# Audiobook Generator - Proof of Concept

This notebook is intended to be a proof of concept for the end-to-end work of generating an audiobook file from an ebook. This includes converting the .epub book files into raw python trxt strings, splitting into items and sentences, then tokenizing and batching them to run through the Silero implementation.

In [1]:
import torch
import torchaudio
from omegaconf import OmegaConf
from tqdm.notebook import tqdm

torch.hub.download_url_to_file('https://raw.githubusercontent.com/snakers4/silero-models/master/models.yml',
                               'latest_silero_models.yml',
                               progress=False)
models = OmegaConf.load('latest_silero_models.yml')

seed = 1337
torch.manual_seed(seed)
torch.cuda.manual_seed(seed)

In [2]:
device = 'cuda' if torch.cuda.is_available() else 'cpu'

In [3]:
# pg2554.epub = Crime and Punishment
# pg174.epub = Portrait of Dorian Gray
# pg1342.epub = Pride And Prejudice
ebook_path = 'pg174.epub'
sample_rate = 24000
max_char_len = 150

In [4]:
language = 'en'
model_id = 'v3_en'
speaker = 'en_0'

model, example_text = torch.hub.load(repo_or_dir='snakers4/silero-models',
                                     model='silero_tts',
                                     language=language,
                                     speaker=model_id)
model.to(device)  # gpu or cpu

Using cache found in /home/matthew/.cache/torch/hub/snakers4_silero-models_master


In [5]:
def read_ebook(ebook_path):
    
    import ebooklib
    from ebooklib import epub
    from bs4 import BeautifulSoup
    from tqdm.notebook import tqdm
    from nltk import tokenize, download
    from textwrap import TextWrapper
    
    download('punkt')
    wrapper = TextWrapper(max_char_len, fix_sentence_endings=True)
    
    book = epub.read_epub(ebook_path)

    corpus = []
    for item in tqdm(list(book.get_items())):
        if item.get_type() == ebooklib.ITEM_DOCUMENT:
            input_text = BeautifulSoup(item.get_content(), "html.parser").text
            text_list = []
            for paragraph in input_text.split('\n'):
                paragraph = paragraph.replace('—', '-')
                sentences = tokenize.sent_tokenize(paragraph)
                
                # Truncate sentences to maximum character limit
                sentence_list = []
                for sentence in sentences:
                    wrapped_sentences = wrapper.wrap(sentence)
                    sentence_list.append(wrapped_sentences)
                # Flatten list of list of sentences
                trunc_sentences = [phrase for sublist in sentence_list for phrase in sublist]
                
                text_list.append(trunc_sentences)
            text_list = [text for sentences in text_list for text in sentences]
            corpus.append(text_list)

    return corpus

In [6]:
ebook = read_ebook(ebook_path)

[nltk_data] Downloading package punkt to /home/matthew/nltk_data...
[nltk_data]   Package punkt is already up-to-date!
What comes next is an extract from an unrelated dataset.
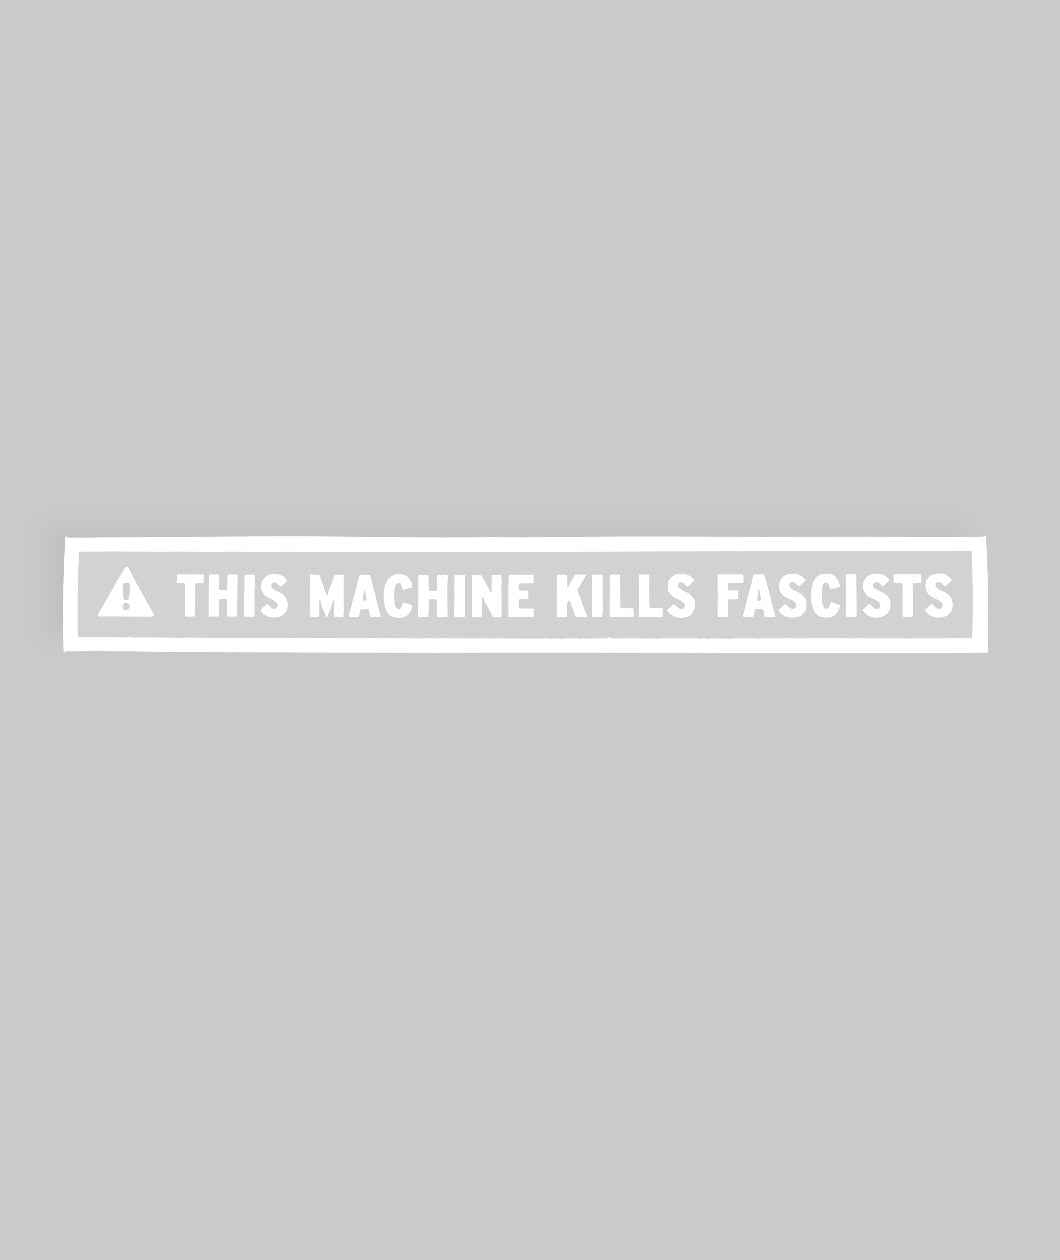 Long rectangular sticker with white border surrounding a white triangle with an exclamation point in the center of it followed by “This Machine Kills Fascists” in white, sans serif font - from John Green
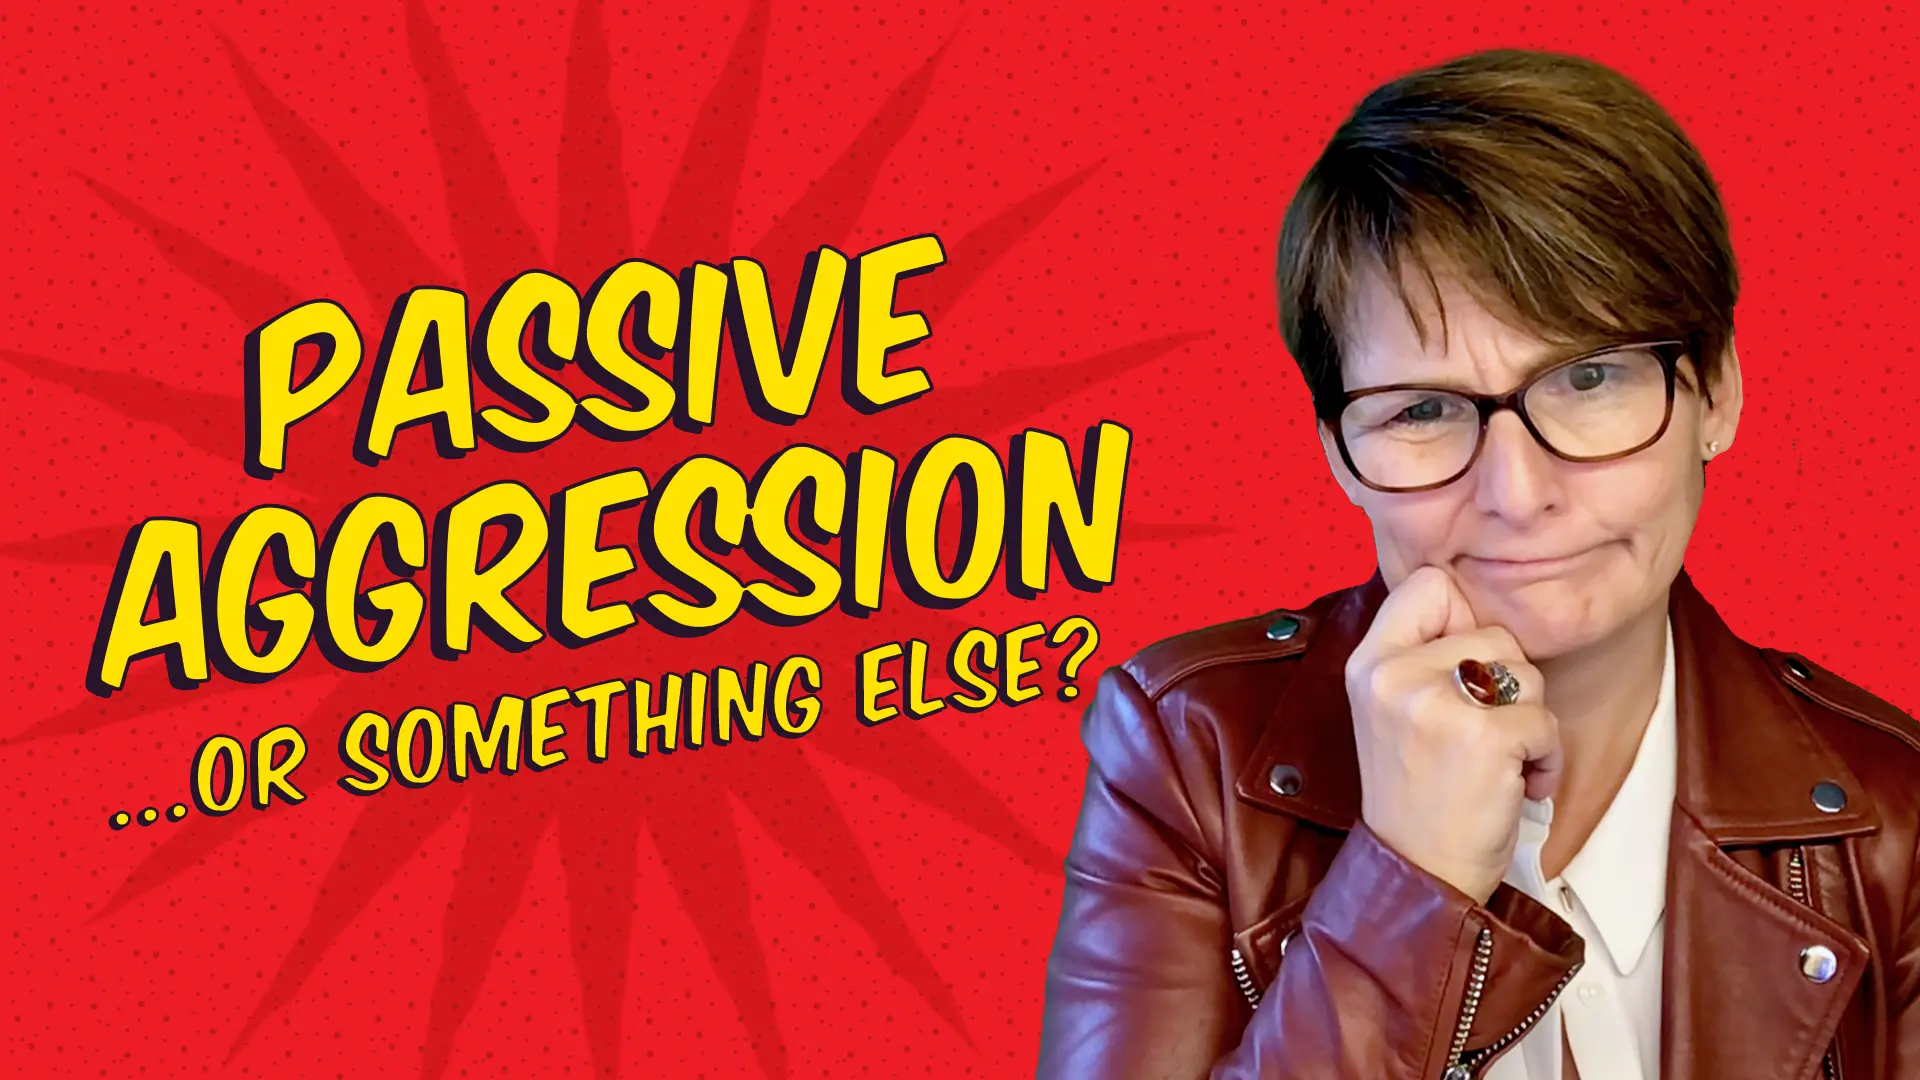 Passive Aggression...or Something Else? with Liane Davey

  0%|          | 0/28 [00:00<?, ?it/s]

In [7]:
for chapter in tqdm(ebook):
    chapter_index = f'{ebook.index(chapter):03}'
    audio_list = []
    for sentence in tqdm(chapter):
        audio = model.apply_tts(text=sentence,
                            speaker=speaker,
                            sample_rate=sample_rate)
        if len(audio) > 0 and isinstance(audio, torch.Tensor):
            audio_list.append(audio)
        else:
            print(f'Tensor for sentence is not valid: \n {sentence}')

    sample_path = "outputs/silero/chapter"+str(chapter_index)+".wav"
    
    if len(audio_list) > 0:
        audio_file = torch.cat(audio_list).reshape(1,-1)
        torchaudio.save(sample_path, audio_file, sample_rate)
    else:
        print(f'Chapter {chapter_index} is empty.')

  0%|          | 0/23 [00:00<?, ?it/s]

  0%|          | 0/38 [00:00<?, ?it/s]

  0%|          | 0/36 [00:00<?, ?it/s]

  0%|          | 0/383 [00:00<?, ?it/s]

  0%|          | 0/517 [00:00<?, ?it/s]

  0%|          | 0/385 [00:00<?, ?it/s]

  0%|          | 0/491 [00:00<?, ?it/s]

  0%|          | 0/440 [00:00<?, ?it/s]

  0%|          | 0/254 [00:00<?, ?it/s]

  0%|          | 0/419 [00:00<?, ?it/s]

  0%|          | 0/463 [00:00<?, ?it/s]

  0%|          | 0/361 [00:00<?, ?it/s]

  0%|          | 0/253 [00:00<?, ?it/s]

  0%|          | 0/401 [00:00<?, ?it/s]

  0%|          | 0/256 [00:00<?, ?it/s]

  0%|          | 0/233 [00:00<?, ?it/s]

  0%|          | 0/405 [00:00<?, ?it/s]

  0%|          | 0/279 [00:00<?, ?it/s]

  0%|          | 0/275 [00:00<?, ?it/s]

  0%|          | 0/216 [00:00<?, ?it/s]

  0%|          | 0/323 [00:00<?, ?it/s]

  0%|          | 0/352 [00:00<?, ?it/s]

  0%|          | 0/374 [00:00<?, ?it/s]

0it [00:00, ?it/s]

Chapter 022 is empty.


### Results

##### CPU (i7-4790k)

Running "Pride and Prejudice" through the Silero model took **34m42s** to convert. This book is a good representation of the average book length: the average audiobook length on Audible is between 10 & 12 hours, while Pride and Prejudice is 11h20m.

This is approximately a 20:1 ratio of audio length to processing time.

Pride and Prejudice: **34m42s** - 1h39m33s on i7-4650u

Portrait of Dorian Gray: **18m18s** - 18m50s w/output

Crime and Punishment: **Unknown** - error converting ebook at 7/50, 19/368

##### GPU (P4000)

Running the same book through the Silero model on GPU took **5m39s** to convert.

This is approximately a 122:1 ratio of audio length to processing time.

Pride and Prejudice: **5m39s**

Portrait of Dorian Gray: **4m26s**

Crime and Punishment: **Unknown** - error converting ebook